[Paper Read]Learning From Noisy Large-Scale Datasets With Minimal Supervision

Paper
Andreas Veit,Neil Alldrin Gal Chechik, Ivan Krasin, Abhinav Gupta, Serge Belongie1

Problem Definition

To leverage a small set of clean labels in the presence of a massive dataset with noisy labels.

Problem: Large noisy annotation data
DataSet: Open Images (~9 million images), multiple-labeled image and over 6000 unique classes.
Application: Object Classification
Assumption(Limitation): data with large number of classes and wide range of noise in annotations

Introduce a semi-supervised learning framework which can produce a cleaned version of the dataset and a robust multi-label image classifier that facilitates small sets of clean annotations with large noisy data.
Outperforming direct fine-tuning approaches across all major categories in the Open Image dataset.
Improving performance across the full range of label noise levels(even in limited rated data), and most effective for classes having 20% to 80% false positive annotations.
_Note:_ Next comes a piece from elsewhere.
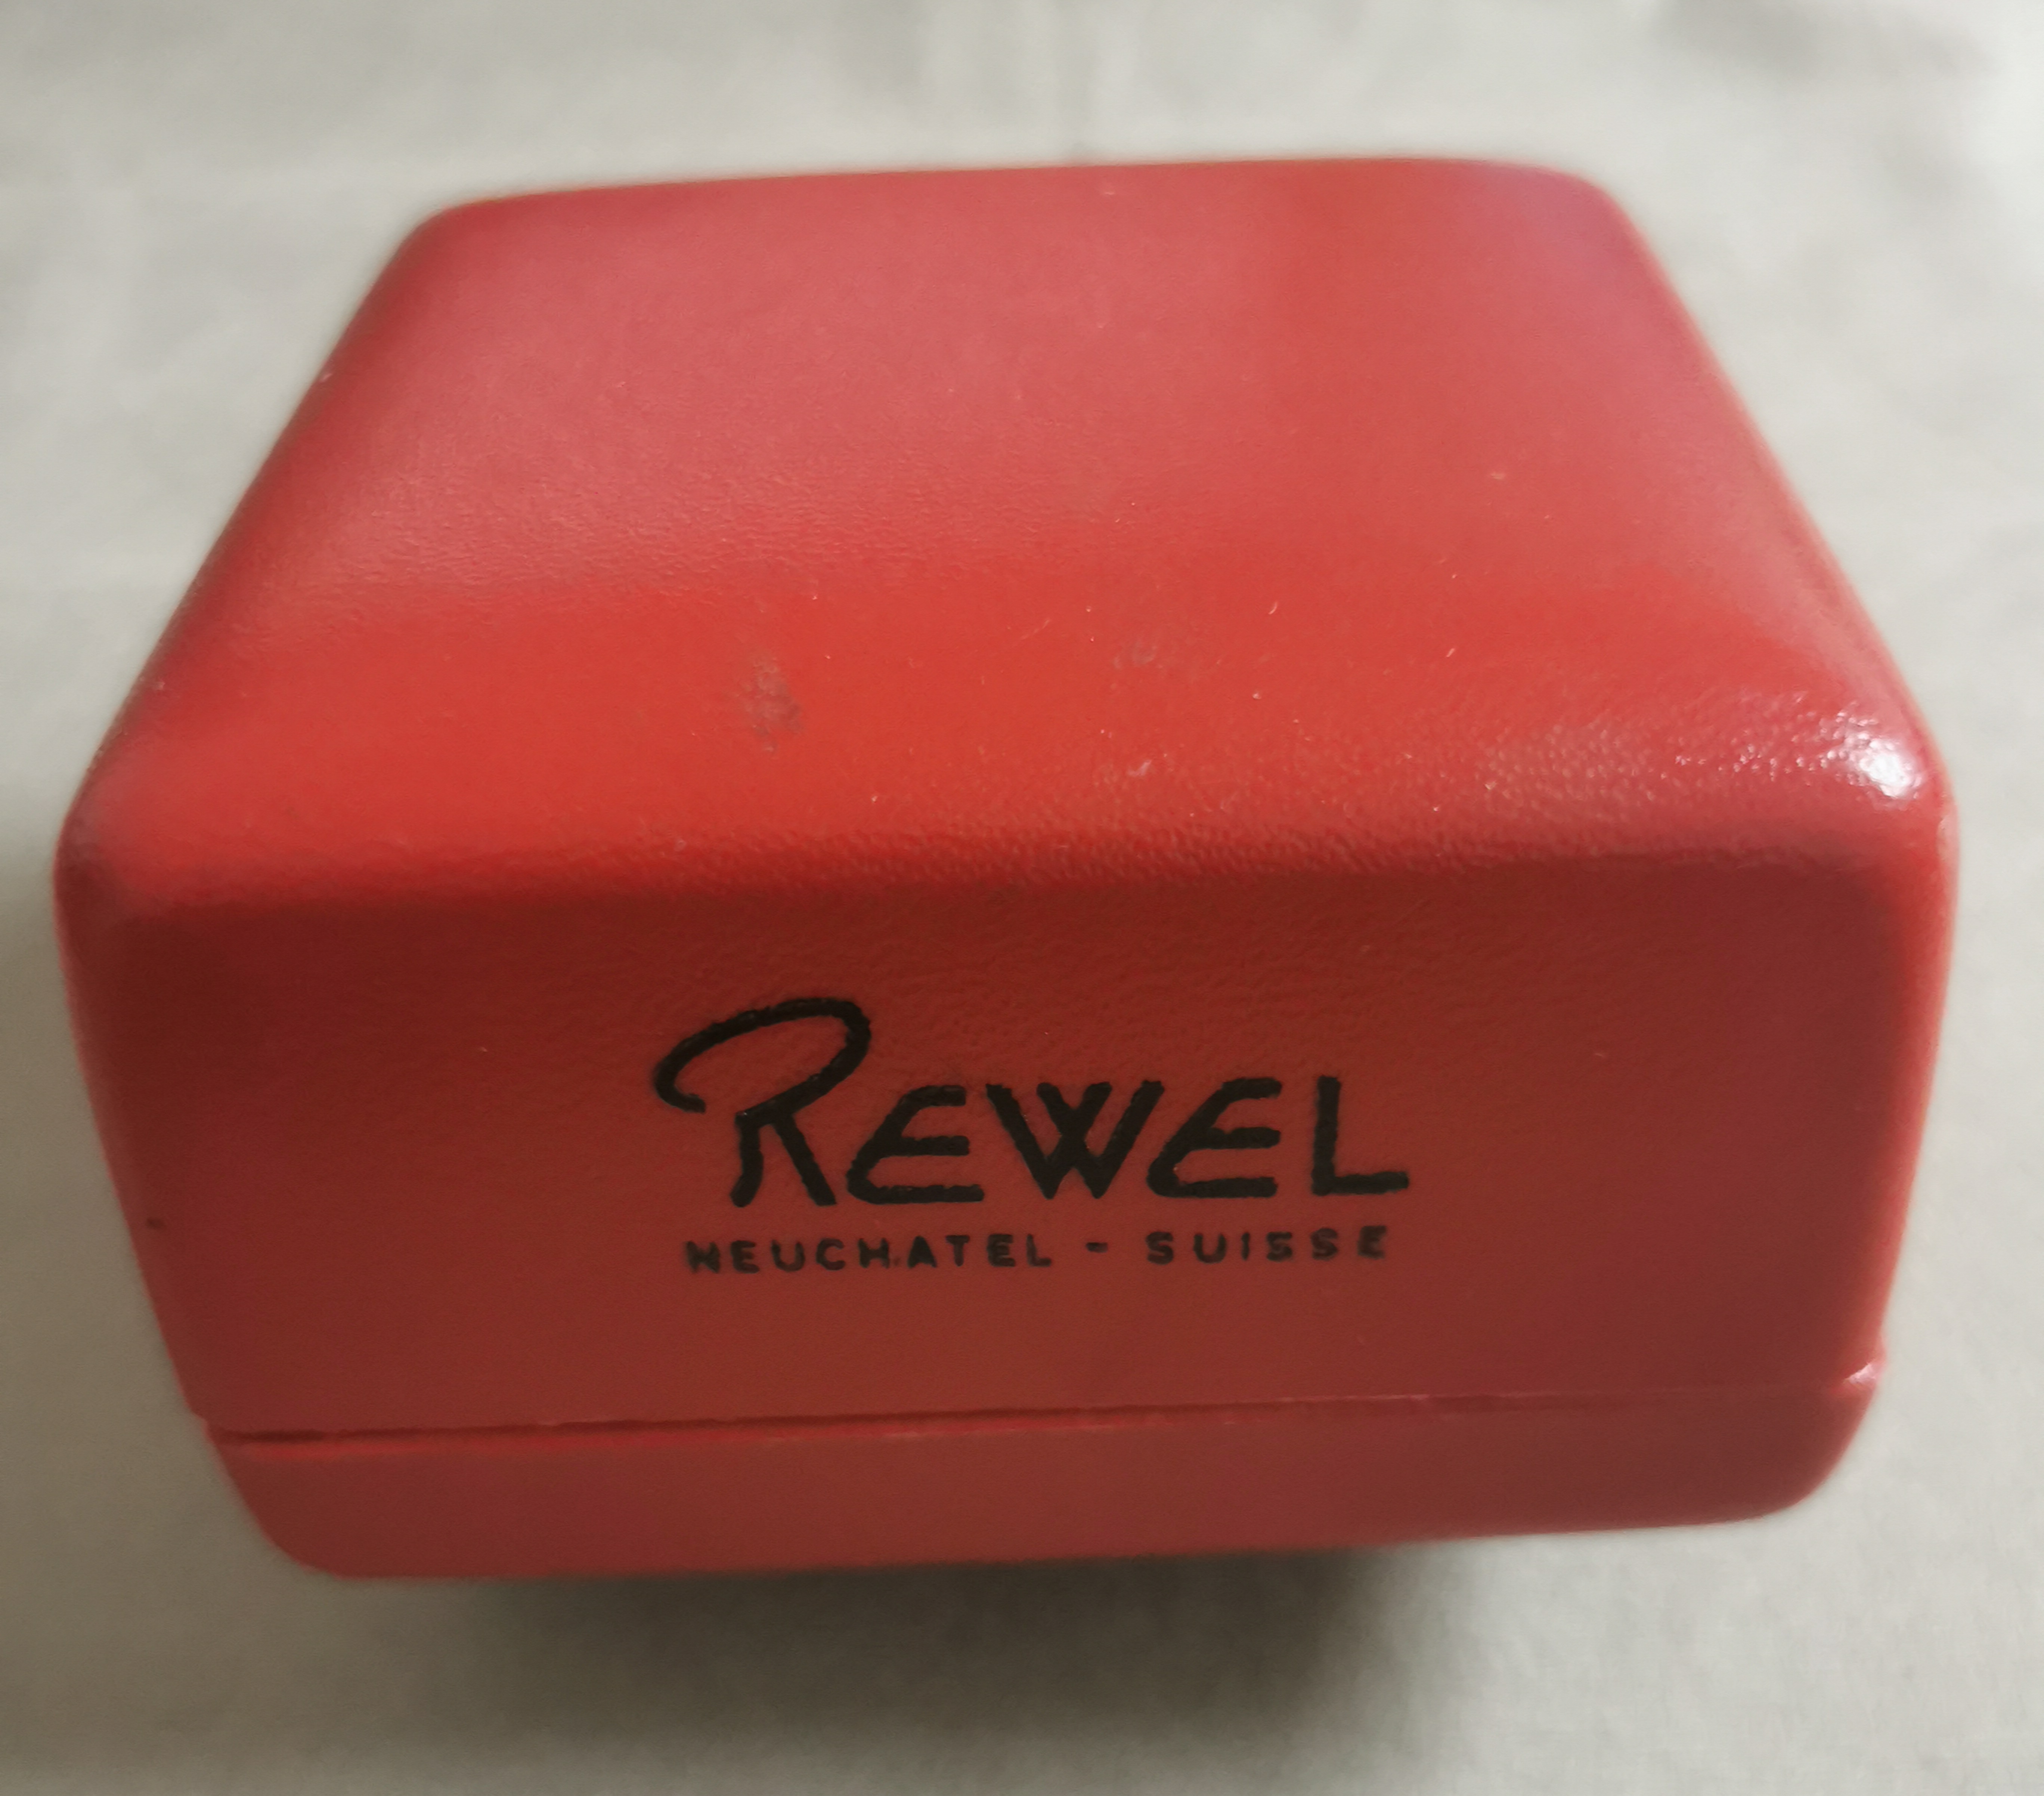 Anonimo Rewel rare vintage watch plastic box brick red color for any models good condition | San Giorgio a Cremano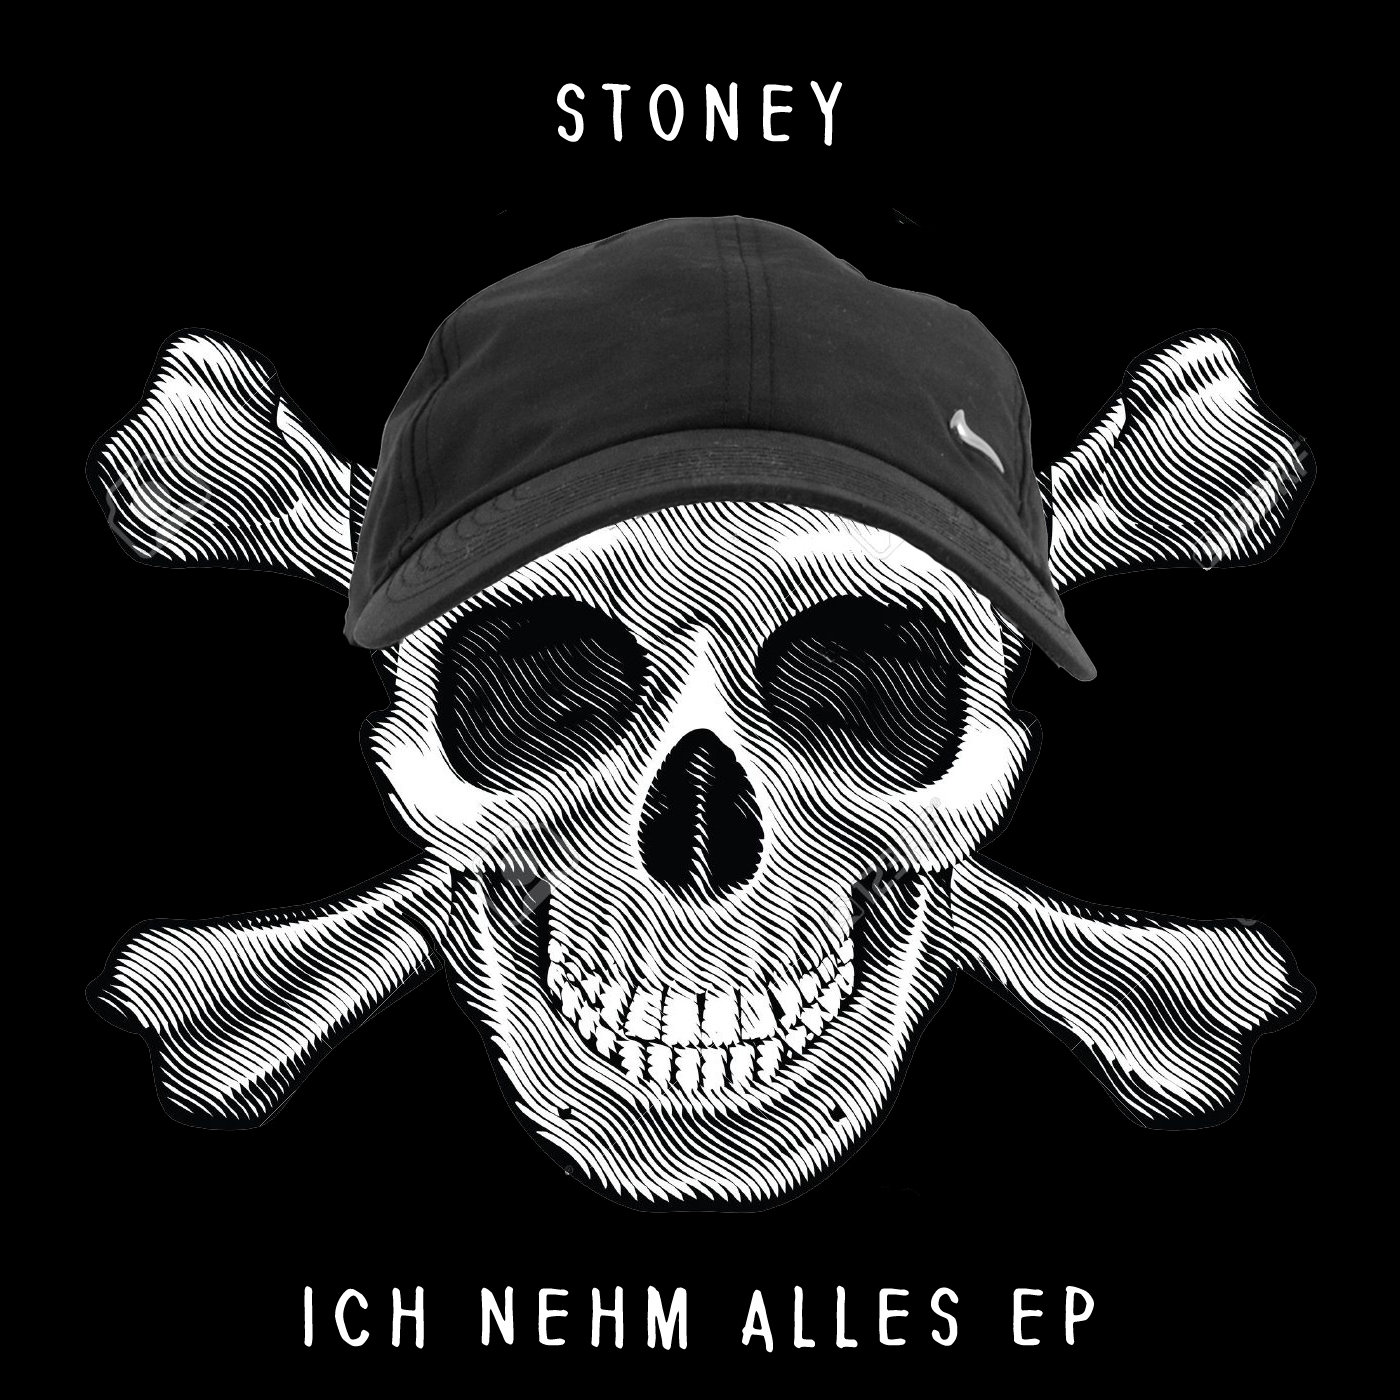 Stoney - Ich nehm alles EP

Use the small clean dataset to learn a mapping between between noise and clean annotation.

Two supervised-learning network in this model.
The first is “label cleaning network” , which input the set of noisy label and image feature extract by CNN(Inception V3) , output cleaned label set to supervise the second network.
The label cleaning network is a residual model learning the difference between clean and noisy data. The model use identity skip-connection structure ( inspired by ResNet V1).
The second is “multi-label classifier” taking the label predicted by the first network as ground truth if the image pair doesn’t have a clean label.